Only these lines of the data below are wanted: the one with "Healthy Sausage, Potatoes, and", the one with "downtown lawrenceville restaurants", and any lines between them, each repeated exactly.

[Supplied entries]
────────

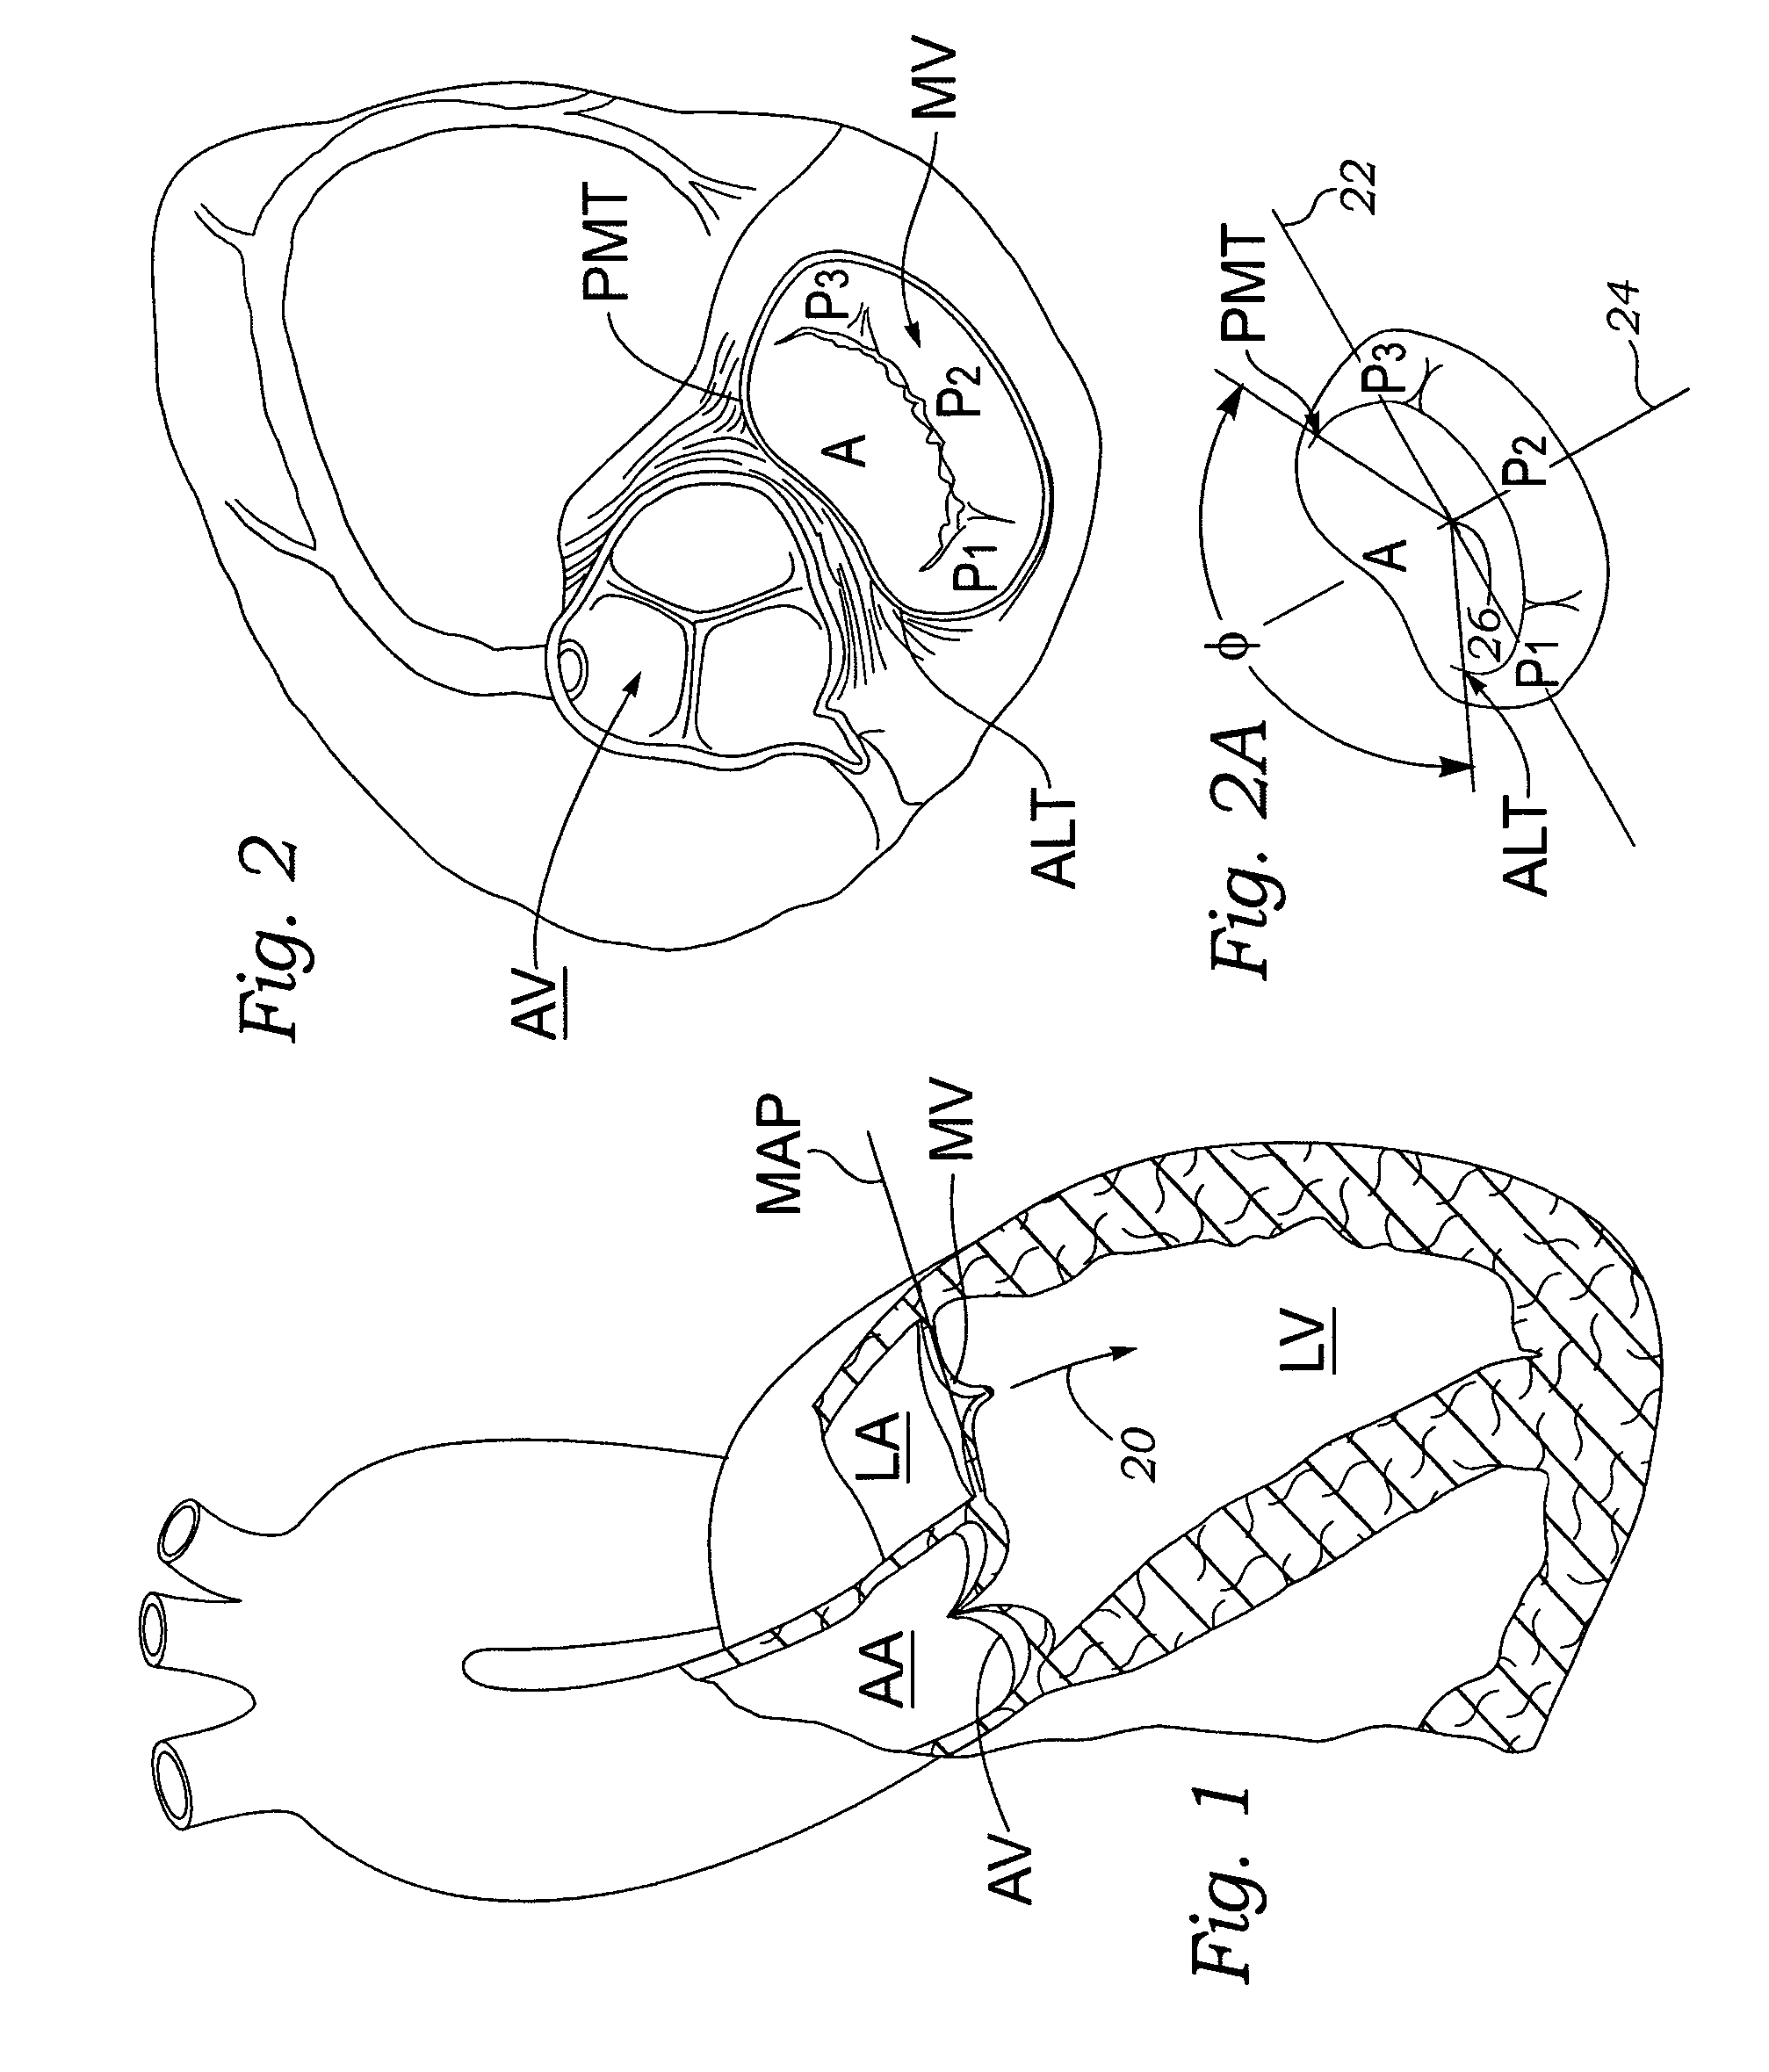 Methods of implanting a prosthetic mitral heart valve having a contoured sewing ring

────────

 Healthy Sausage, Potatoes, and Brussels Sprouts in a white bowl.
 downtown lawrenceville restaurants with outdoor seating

────────

[Response]
 Healthy Sausage, Potatoes, and Brussels Sprouts in a white bowl.
 downtown lawrenceville restaurants with outdoor seating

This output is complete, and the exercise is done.